Centex Homes v. Superior Court

214 Cal. App. 4th 1090, 154 Cal. Rptr. 3d 737, 2013 WL 1218242, 2013 Cal. App. LEXIS 227
CourtCalifornia Court of Appeal
DecidedMarch 25, 2013
DocketNo. D062995
StatusPublished
Cited by4 cases

This text of 214 Cal. App. 4th 1090 (Centex Homes v. Superior Court) is published on Counsel Stack Legal Research, covering California Court of Appeal primary law. Counsel Stack provides free access to over 12 million legal documents including statutes, case law, regulations, and constitutions.

Bluebook
Centex Homes v. Superior Court, 214 Cal. App. 4th 1090, 154 Cal. Rptr. 3d 737, 2013 WL 1218242, 2013 Cal. App. LEXIS 227 (Cal. Ct. App. 2013).

Opinion

Opinion

AARON, J.

I.

INTRODUCTION

Government Code section 9011 provides in relevant part, “[T]he date upon which a cause of action for equitable indemnity or partial equitable indemnity accrues shall be the date upon which a defendant is served with the complaint giving rise to the defendant’s claim for equitable indemnity or partial equitable indemnity against the public entity.” (Italics added.)

In this case, we must determine whether the trial court properly concluded that a homeowners association’s original complaint against Centex Homes (Centex)2 alleging violations of various statutory building standards (Civ. Code, § 896) related to Centex’s construction of a multistory residential building, gave rise to Centex’s claim for equitable indemnity against the City of San Diego (City). We conclude that because the original complaint did not encompass the claim for which Centex seeks indemnity from the City, Centex’s claim for equitable indemnity did not accrue with the filing of the original complaint. We reverse and remand for further proceedings.

II.

FACTUAL AND PROCEDURAL BACKGROUND

A. The underlying lawsuit against Centex

On April 20, 2009, the Element Owners Association (Association) filed a complaint against Centex related to Centex’s construction of an eight-story condominium building in San Diego (the Project). The complaint contained a cause of action alleging violations of various statutory building standards (Civ. [1094]*1094Code, § 896), including violations pertaining to the Project’s foundation, exterior walls, balconies, exterior decks, common walkways, fire safety systems, windows and doors, and a handicap lift.

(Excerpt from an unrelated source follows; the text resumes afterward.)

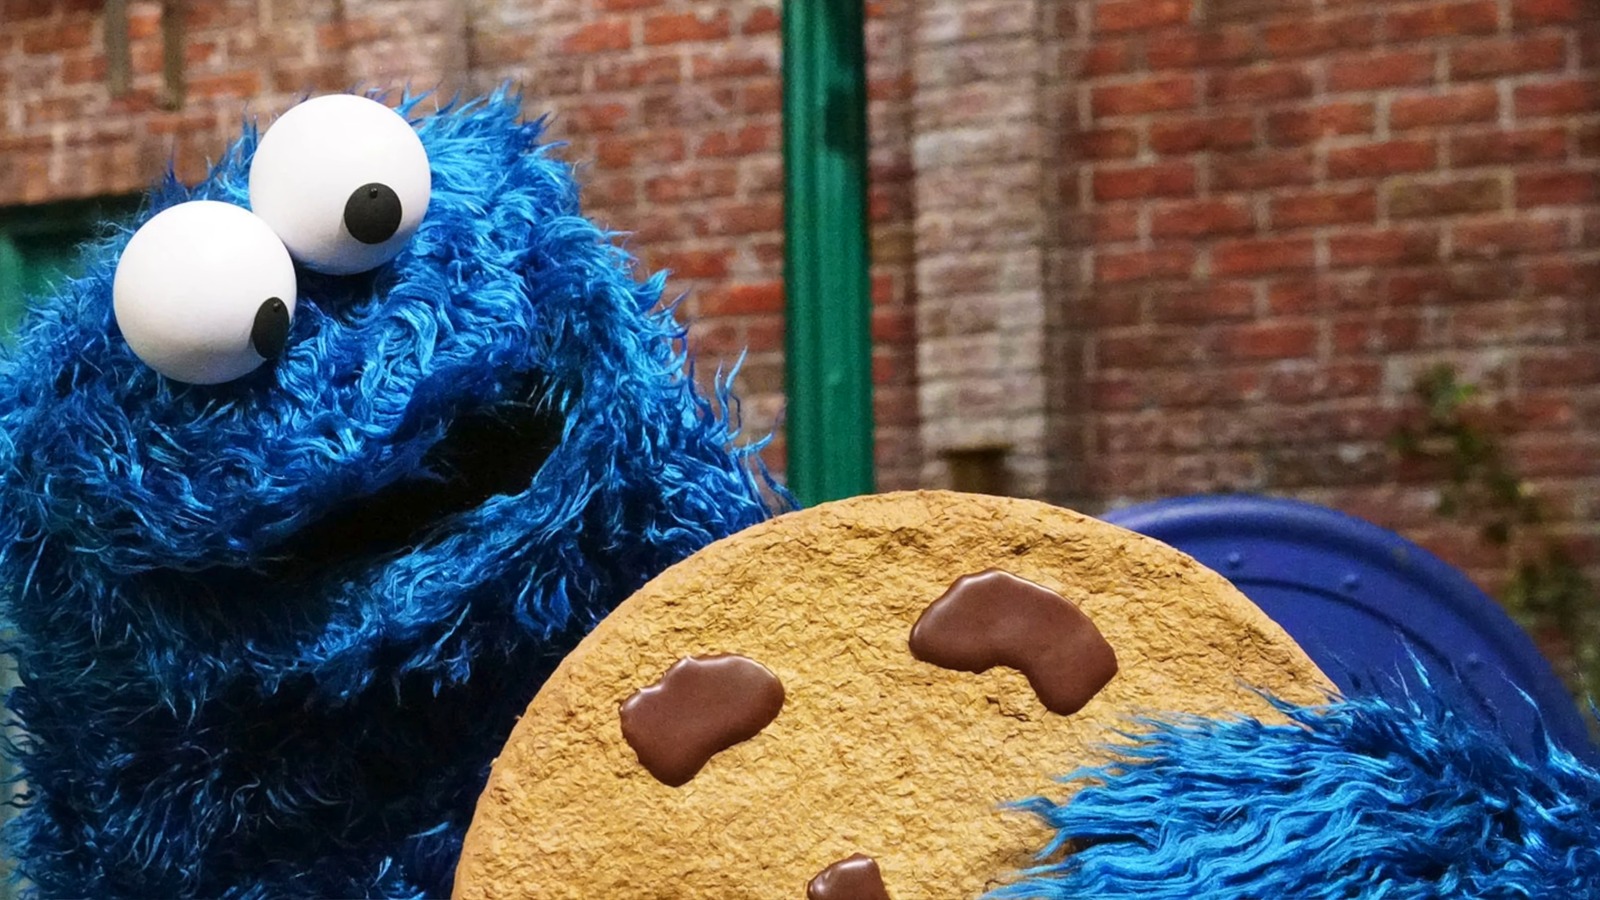 Cookie Monster has been eating rice and instant coffee this whole time
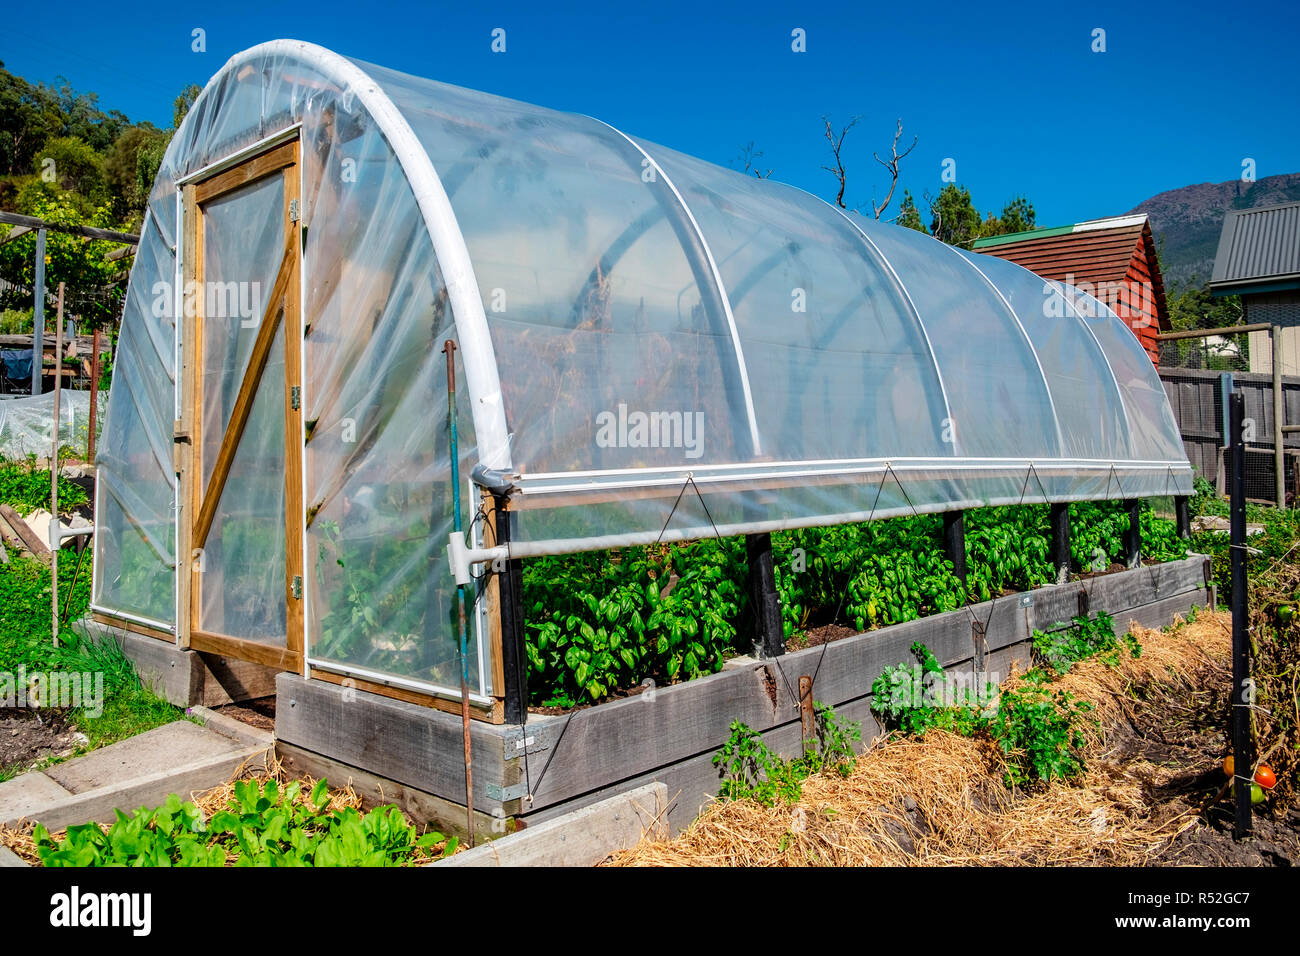 An agricultural hot house hoop tunnel built from recycled fish farm tubing, with adjustable roll up side flaps to allow air flow for ventilation. Stock Photo

None of the alleged violations related to the building’s plumbing or sewer systems.3

On April 1, 2011, the Association sent Centex a “notice of commencement of a legal proceeding” pursuant to Civil Code section 910. “[Civil Code] section 910 . . . establishes a series of prelitigation procedures that a claimant must pursue before filing an action against ‘any party alleged to have contributed to a violation of [a] standard[]’ [outlined in Civil Code section 896]” (Greystone Homes, Inc. v. Midtec, Inc. (2008) 168 Cal.App.4th 1194, 1211 [86 Cal.Rptr.3d 196] (Greystone)), including notifying the party of the claimed violations of the standards contained in Civil Code section 896 prior to commencing litigation. In the April 1, 2011 notice, the Association identified various alleged defects in the Project’s plumbing and sewer systems.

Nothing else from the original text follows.